The Moray Amphitheater is a mind-boggling Inca construction located next to the town of Maras in the Sacred Valley. The view from the top is worth the visit on its own, though it is great fun to explore the many levels via stone stepladders.
The shape of the impressively large amphitheater-like terracing has generated much speculation about its function. Though theories have ranged from amphitheater to “extraterrestrial airport,” evidence shows that it was actually a site where the Incas engaged in agricultural experiments, chosen due to its natural bowl-like shape.
The Incas set about building concentric terraces on different levels of the bowl, with steps leading from one level to the next, following a zigzagged line. They even put in place an underwater irrigation system which brought water from the lakes nearby. In the middle of the terraces lay a huge rock, which was used as a kind of plug to release excess water trapped on the bottom terrace.
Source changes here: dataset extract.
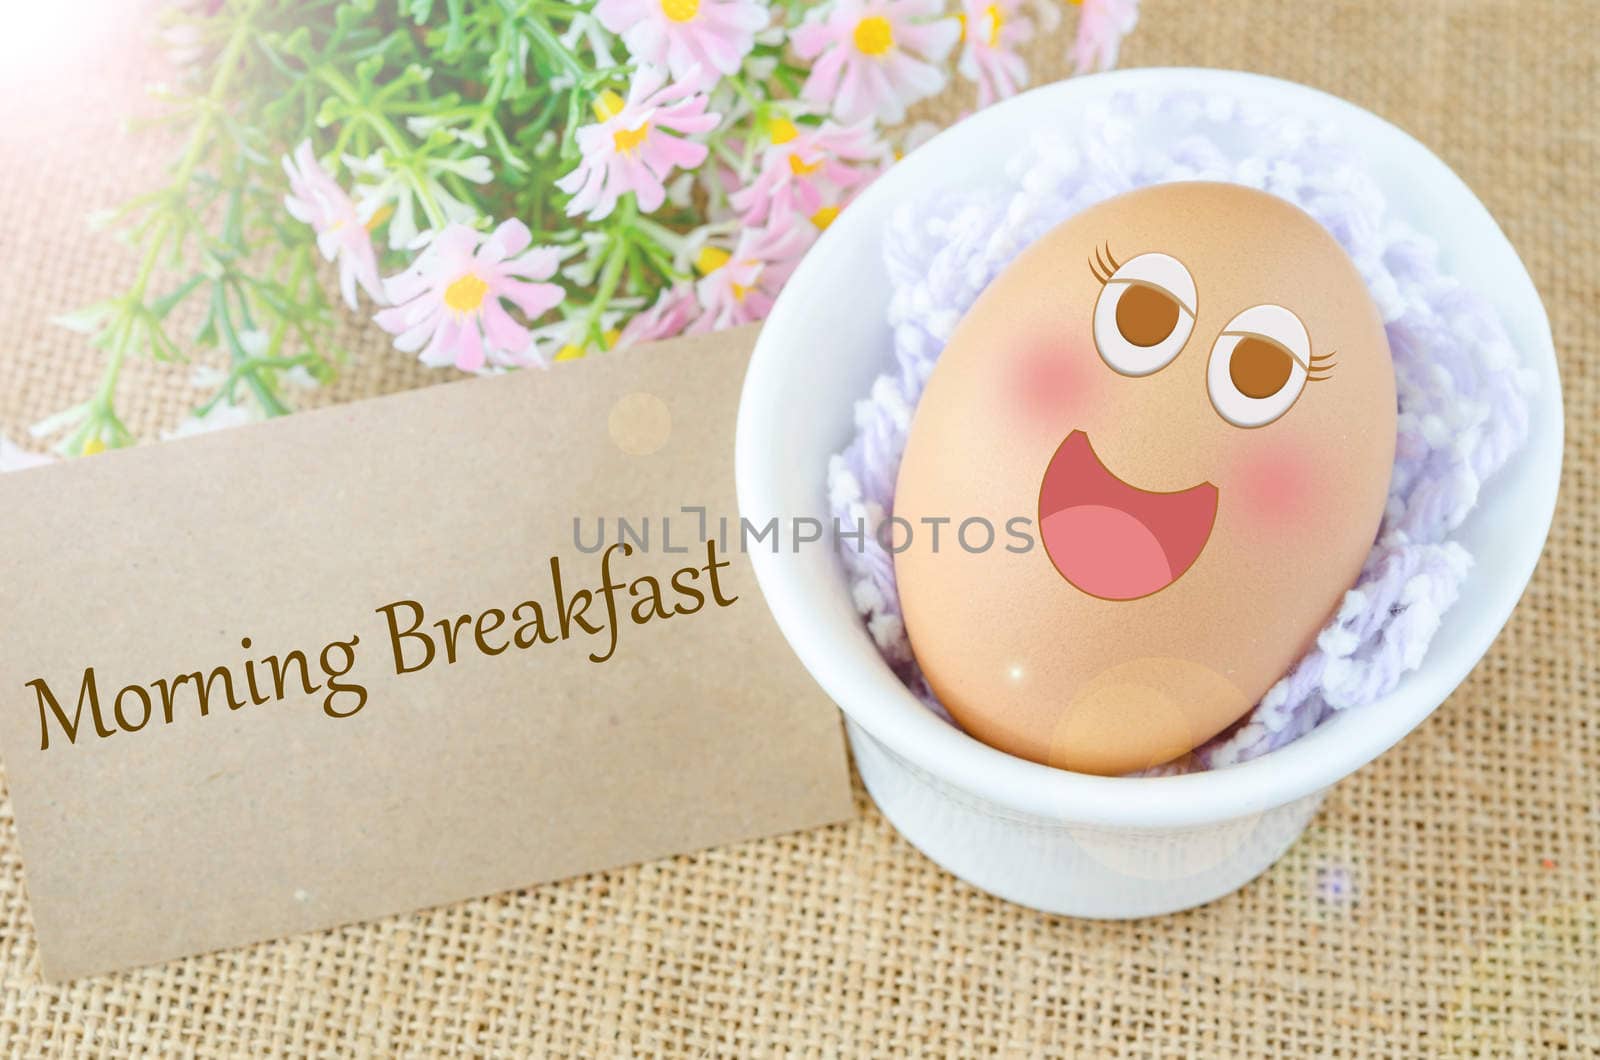 Morning breakfast and smile face egg in white cup with flower on sack background.

The logic was that each level of terrace has a different microclimate, depending on its depth in the earth. The deepest part is the hottest, and temperatures decrease as terraces climb upward and outward, allowing the Incas to find the optimal condition for growing crops such as corn, potatoes, and the Andean grains quinoa and kiwicha. Although it is no longer in use, indigenous Andean crops are currently planted in one section, to create a sort of living museum.
This site shows the range of accomplishments of the once-glorious Inca Empire. For those who may not typically find agricultural practices fascinating, consider the mysteries of how this ancient culture flourished and became one of the most powerful empires in history: the Moray Amphitheater is a jaw-dropping piece of the puzzle.